Problem description:
When you copy the listing, skip the images and return each line verbatim.

Given material:
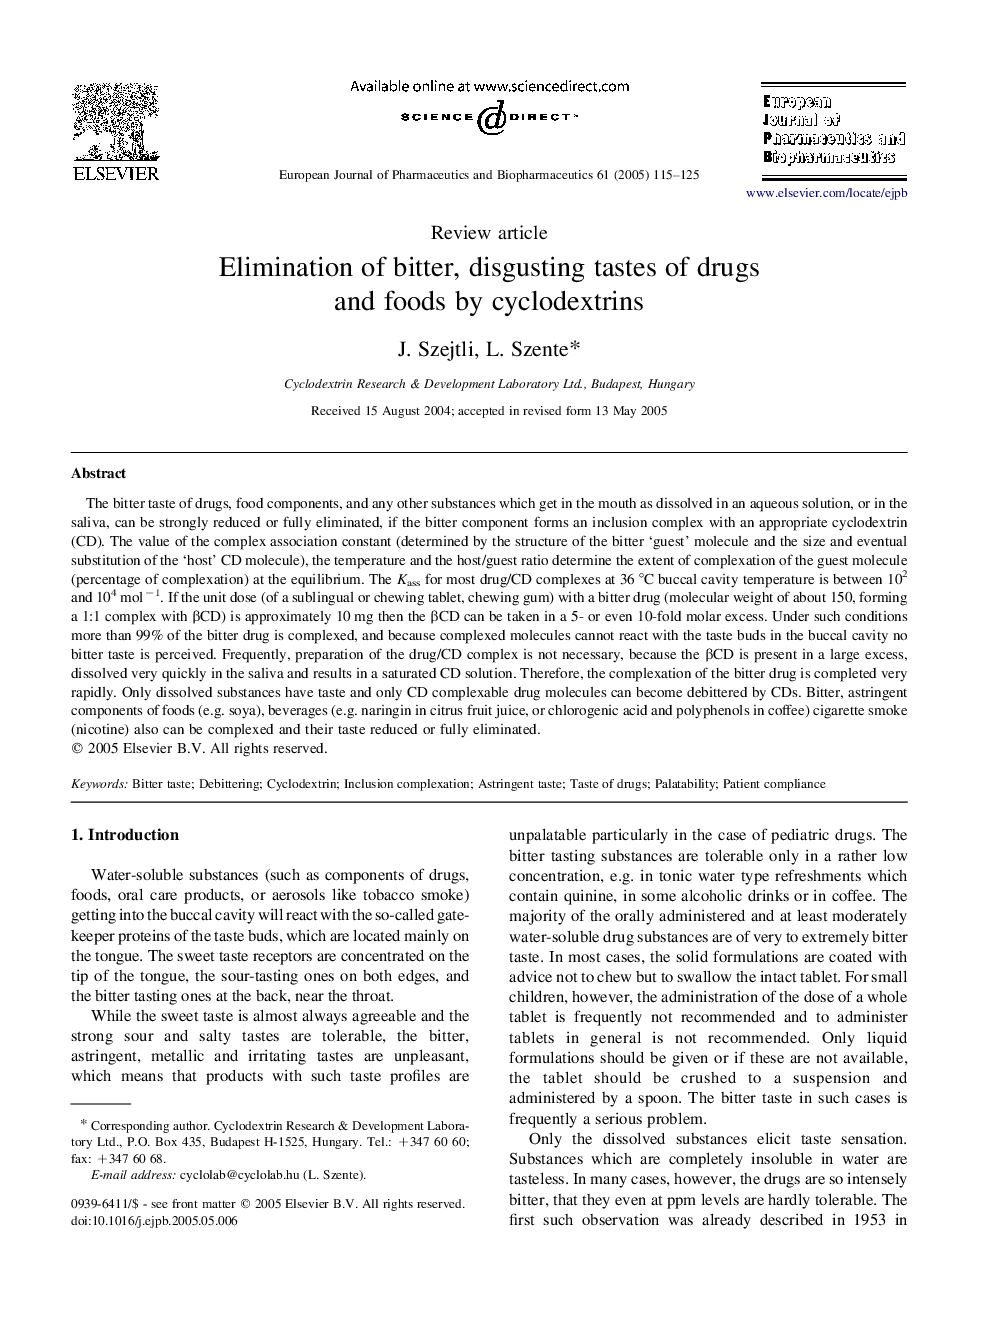 Elimination of bitter, disgusting tastes of drugs and foods by cyclodextrins
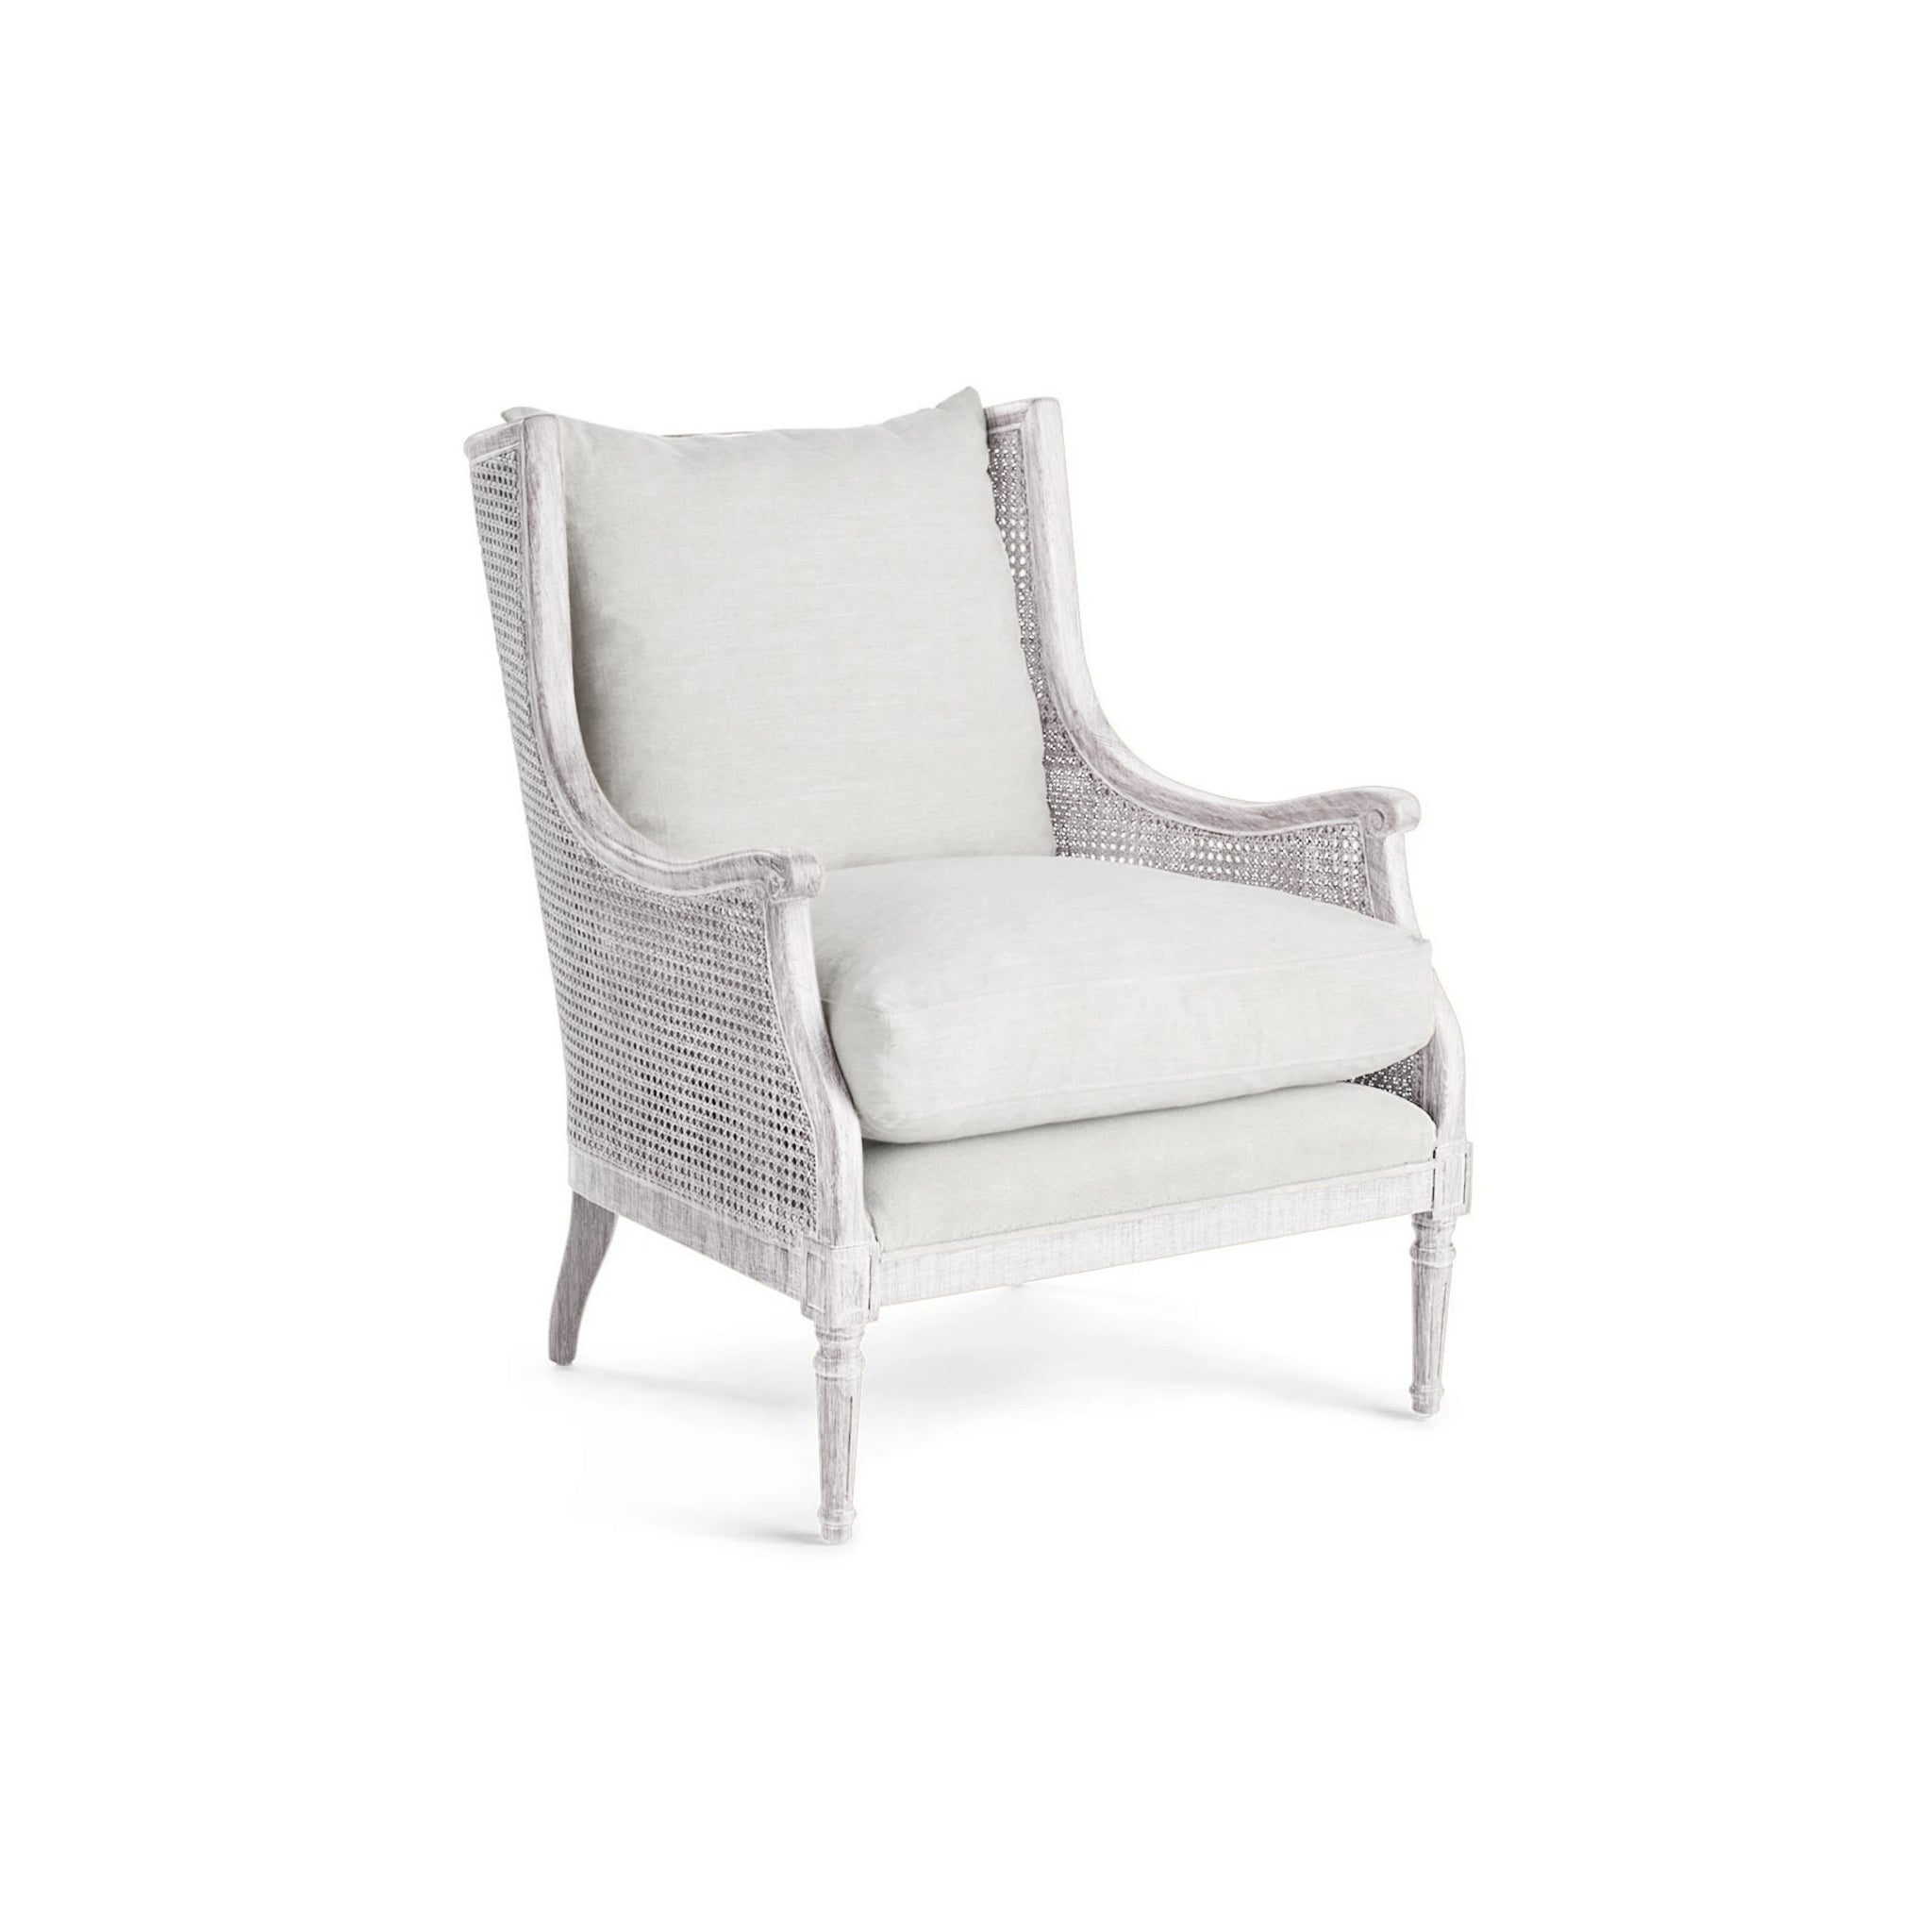 Front Isometric View of the Halle Cane Back Chair (Color - White) on a White Background
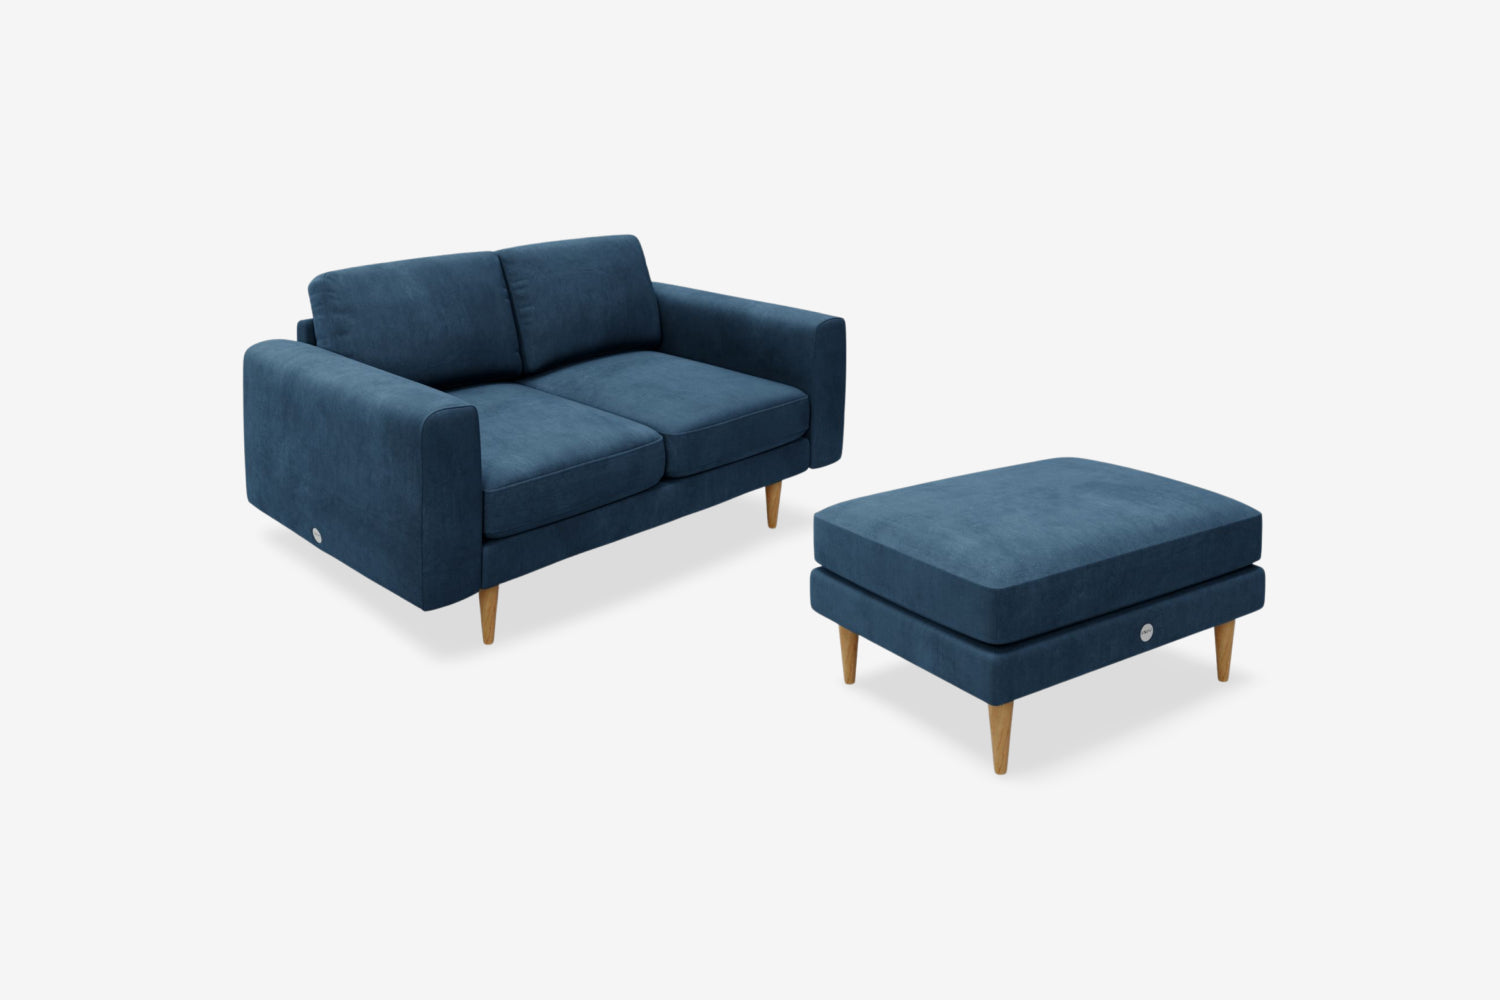 The Big Chill - 2 Seater Sofa and Footstool Set - Blue Steel

Response below:
 Elimination of bitter, disgusting tastes of drugs and foods by cyclodextrins
 Front Isometric View of the Halle Cane Back Chair (Color - White) on a White Background
 The Big Chill - 2 Seater Sofa and Footstool Set - Blue Steel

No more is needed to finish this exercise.